4.6.2
ROUGE Metrics | Evaluating text summarization with n-gram overlap
- ROUGE is a family of metrics that measure n-gram or LCS overlap between generated and reference texts.
- Using a summarization example, we calculate ROUGE-1/2/L and interpret their meaning.
- We also discuss its correlation with human judgment and practical issues in long-text evaluation.
- BLEU Score — understanding this concept first will make learning smoother
ROUGE (Recall-Oriented Understudy for Gisting Evaluation) is a family of metrics that measure the degree of overlap between a candidate summary and a reference summary.

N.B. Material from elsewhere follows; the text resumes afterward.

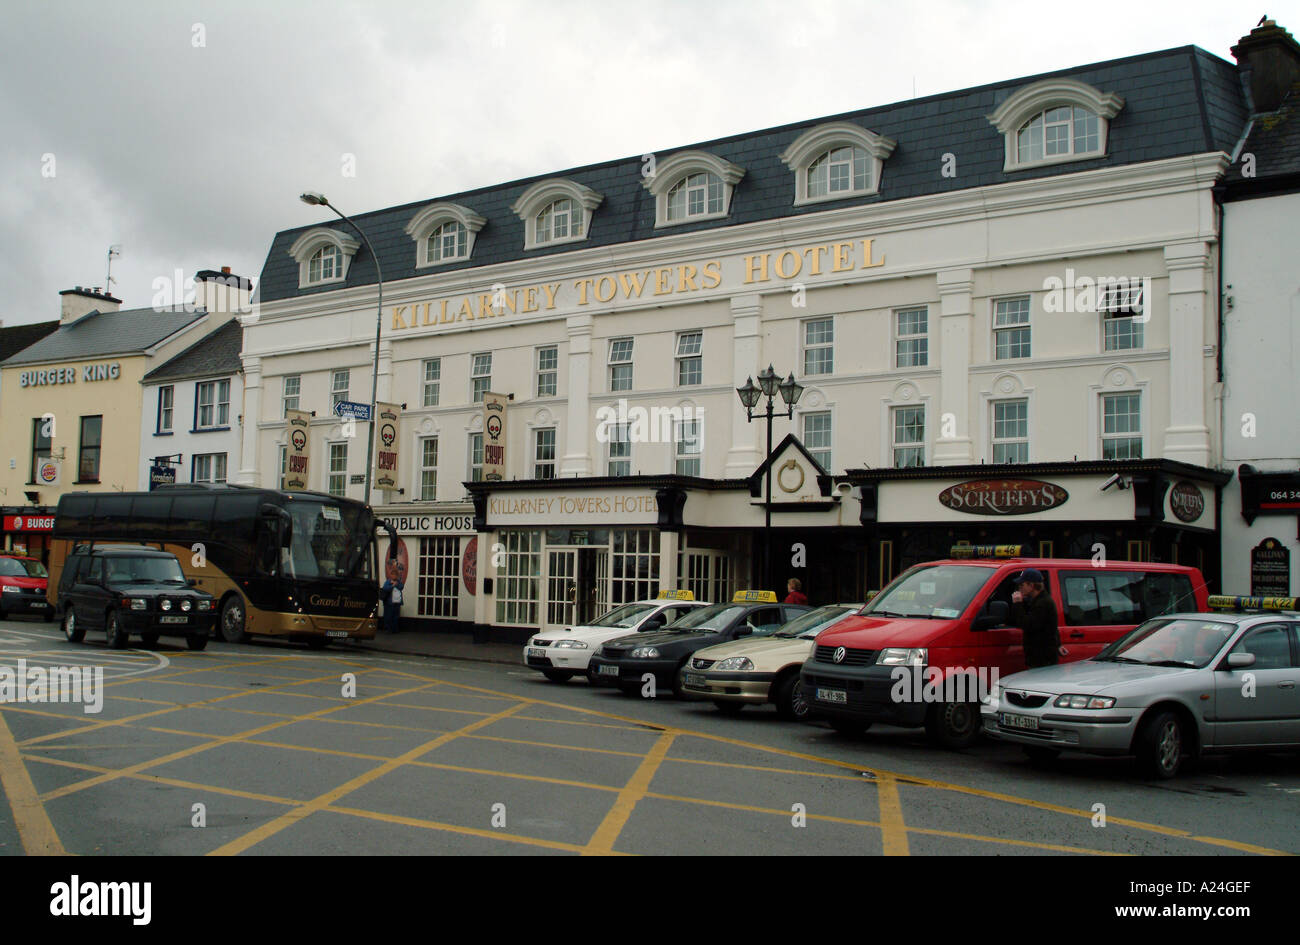 Killarney towers hotel hi-res stock photography and images - Alamy

ROUGE-1 and ROUGE-2 compute n-gram recall, while ROUGE-L is based on the Longest Common Subsequence (LCS) between the two texts.
Main Variants #
- ROUGE-1 / ROUGE-2: Measure unigram and bigram recall — useful for extractive summarization and checking key-term coverage.
- ROUGE-L: Based on the length of the longest common subsequence normalized by reference length — considers word order.
- ROUGE-Lsum: Averages LCS scores at the sentence level — often used for long-document summarization.
| |
Advantages #
- Lightweight to compute; multiple sub-metrics can be calculated at once.
- Shows relatively strong correlation with human recall-based evaluation.
- Standard metric for extractive summarization and information-content comparison.
Limitations #
- Does not account for semantic similarity — paraphrases can unfairly reduce the score.
- With only one reference summary, diversity in candidate outputs may be undervalued.
- For Japanese or other morphologically rich languages, apply tokenization or subword splitting to stabilize scores.
FAQ #
What is ROUGE-Lsum? #
ROUGE-Lsum (ROUGE Longest Common Subsequence for summarization) computes the LCS score sentence by sentence and then averages the results, rather than treating the entire text as one sequence (as ROUGE-L does). This makes it better suited for multi-sentence or long-document summaries.
Specifically, ROUGE-Lsum:
- Splits the candidate and reference into individual sentences.
- Computes the LCS between corresponding sentences.
- Averages the F1 scores across sentences.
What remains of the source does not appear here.